[The data]
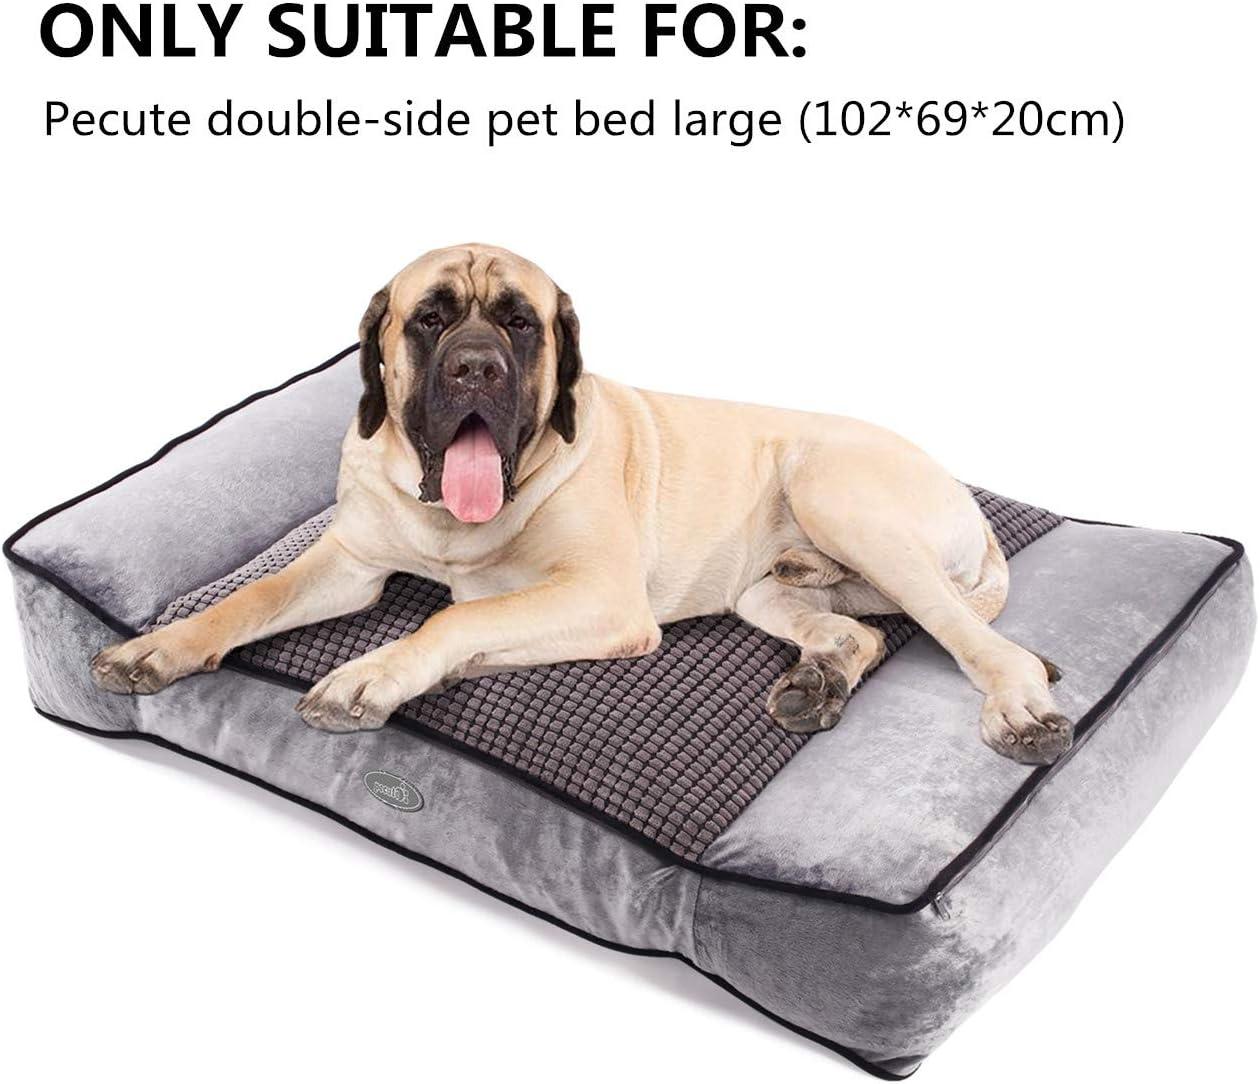 L, Negro Pecute Cubierta deTela de Reemplazo de Cama para Perro Mascotas de Doble Cara
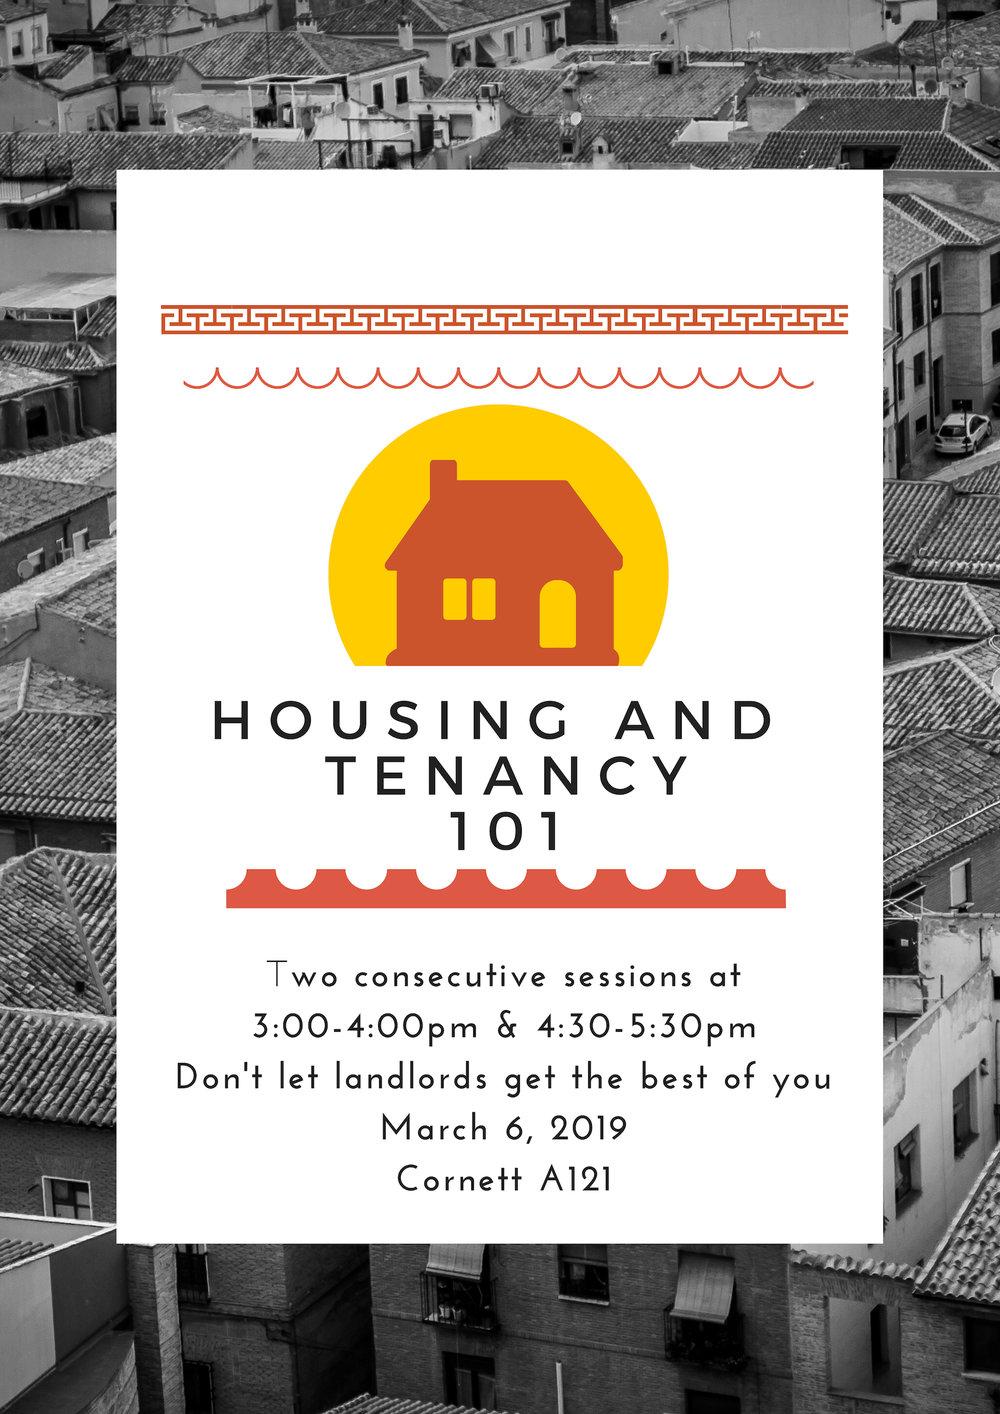 tenancy event.jpg
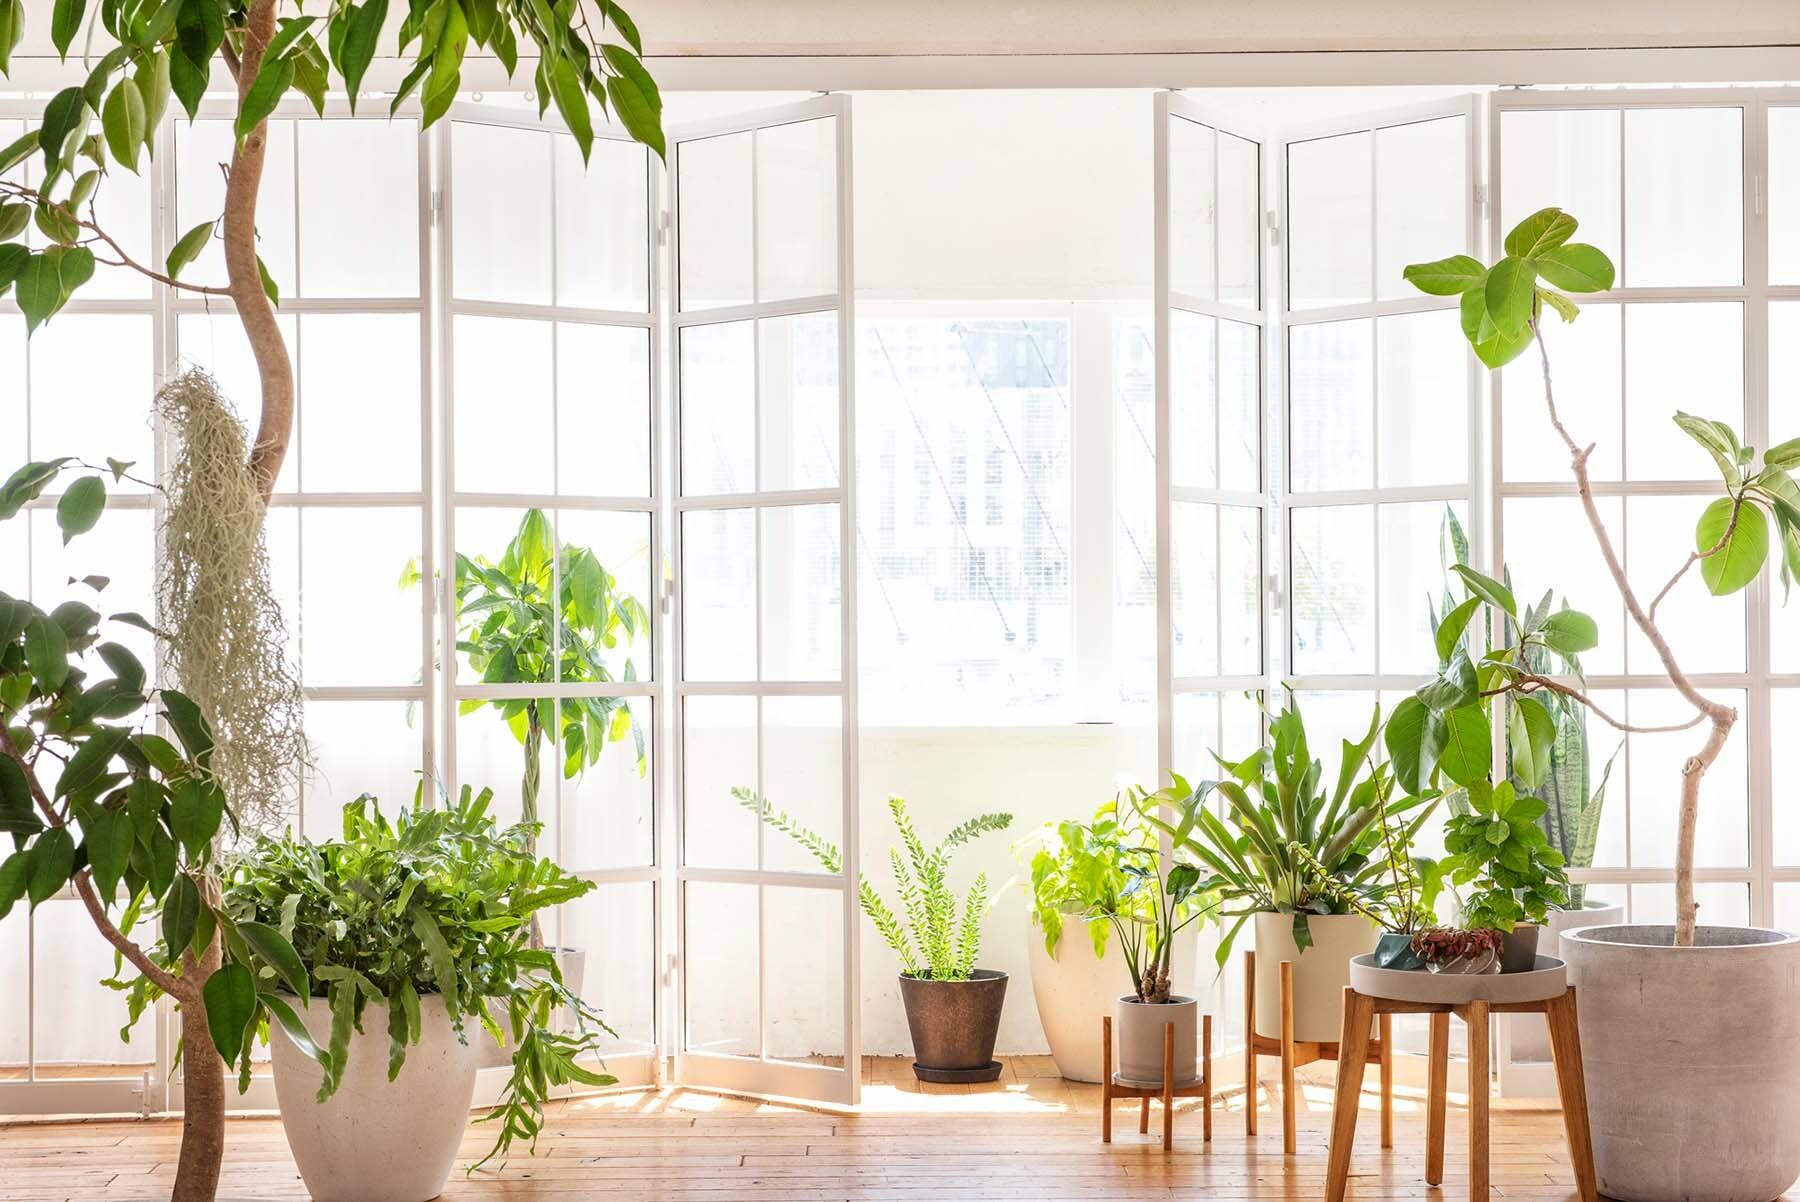 StudioBRICK 3F (スタジオブリック八丁堀3F)スチール扉は開閉可能
[/The data]
What you should do: Restate exactly, and only, the lines from the one that holds "tenancy event.jpg" down to the last line of the material above. Omit the pictures.

Written answer:
 tenancy event.jpg
 StudioBRICK 3F (スタジオブリック八丁堀3F)スチール扉は開閉可能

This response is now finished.